Sorry to hear of your health issues. Please take care of yourself. I'm praying for you.


----------



## Kurosity (Dec 22, 2011)

I am sorry to hear you are facing health issues. I will be praying for you. Take care of your self.


----------



## Thorburn (Nov 23, 2011)

Hope things work out for you.


----------



## LovesHerMan (Jul 28, 2011)

Come back and let us know the end of the story. You can offer a lot of good advice to people sitting on the fence in their marriages.


----------



## sigma1299 (May 26, 2011)

Good Luck HerToo.


----------



## YinPrincess (Jul 31, 2011)

Wishing you the best! Take care, HerToo!! I hope you return one day!
_Posted via Mobile Device_


----------



## Shaggy (Jul 17, 2011)

take care, and maybe drop us all a line some day down the road when things are better.

be well.


----------



## Almostrecovered (Jul 14, 2011)

oh no





nicole2011 said:


> For anyone that remembers HerToo and his story with his wife. He had moved out and filed for divorce. I have been in touch with him over private messaging for the last 2 or 3 months. He helped me out a lot with what i have going on. Within the past few weeks i hadnt heard much from him.

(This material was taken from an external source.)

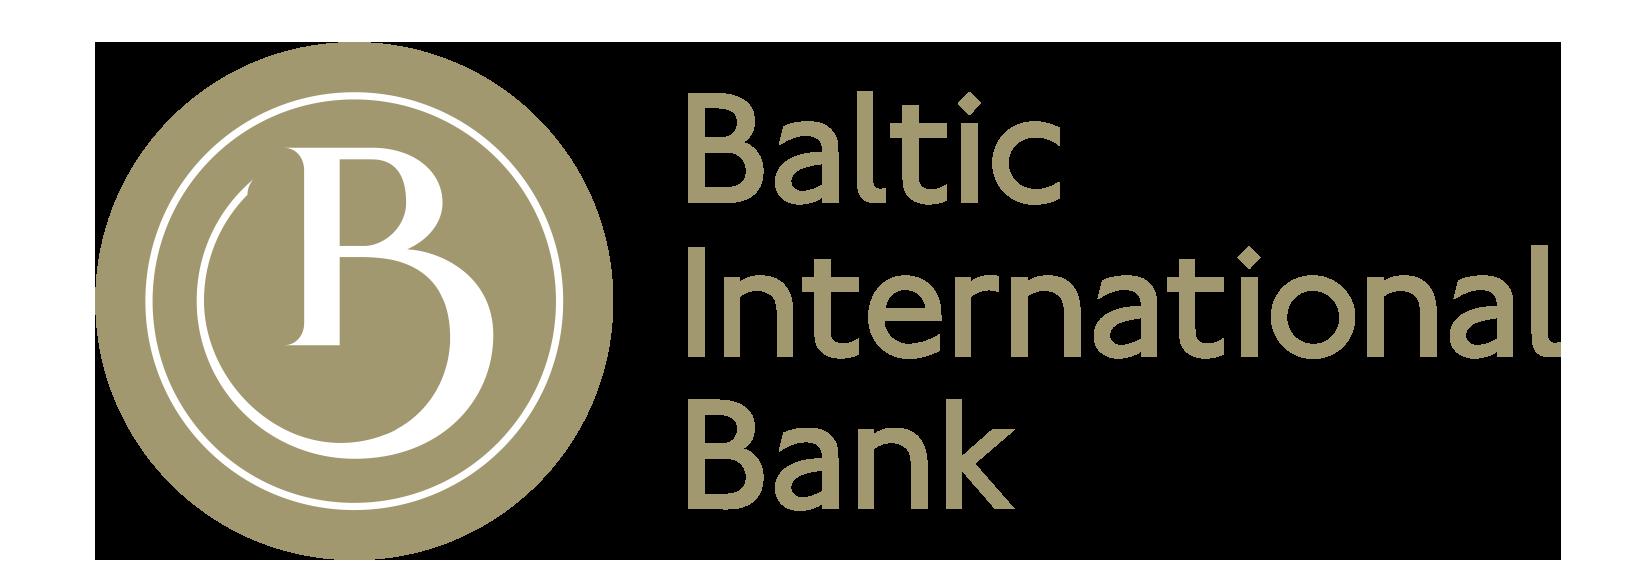 Baltic International Bank logotips

He checked on me 2 weeks ago and i returned his message that same day and then didnt hear anything from him. So about a week later, which is last week he responded. He said he had been really sick and thought it was a sinus infection. I told him, I hope you get better soon. He came back and told me he would not be getting better. Come to find out he said he had brain, bone, organ and blood cancer. Not sure if the bone and brain spread to his organs and blood. The last time we spoke was last Thurs.and he told me that would be his final pm. He did pull the divorce papers and said he was filling out a will. I felt like i was losing a friend. Please keep his family in your prayers.


----------



## southern wife (Jul 22, 2011)




----------



## 2nd_t!me iz_best (Feb 28, 2011)

very sad


----------



## daisygirl 41 (Aug 5, 2011)

This is very sad news
My prayers are with HerToo and his family
X
_Posted via Mobile Device_


----------



## lordmayhem (Feb 7, 2011)

Thank you for all the help you've given to all the BSs here. I sincerely hope things work out for you. Its former waywards like you that give me hope.


----------



## Hope1964 (Sep 26, 2011)

very sad indeed


----------



## jessi (Feb 11, 2009)

God be with you, 
jessi


----------



## strugglinghusband (Nov 9, 2011)

Sitting here, tears....so sad....Hoping the very best for hertoo


----------



## YinPrincess (Jul 31, 2011)

I'm so saddened to read this...
_Posted via Mobile Device_


----------



## oldmittens (Dec 2, 2011)

Take good care of yourself.....


----------



## AngryandUsed (Jun 23, 2011)

Oh!. Sad.


----------



## desert-rose (Aug 16, 2011)

I'll keep you in my prayers. Good Luck to you.


----------



## Jellybeans (Mar 8, 2011)

My thoughts are with you HT. Kick that cancer in the a$$!


----------



## Why Not Be Happy? (Apr 16, 2010)

Wishing you luck....


----------



## working_together (Oct 16, 2011)

I was shocked to hear the bad news.....

good luck


----------



## waroftheroses (Dec 30, 2011)

HerToo...I was absolutely gutted when I read your reasons for leaving...thank you for helping me through this personal nightmare...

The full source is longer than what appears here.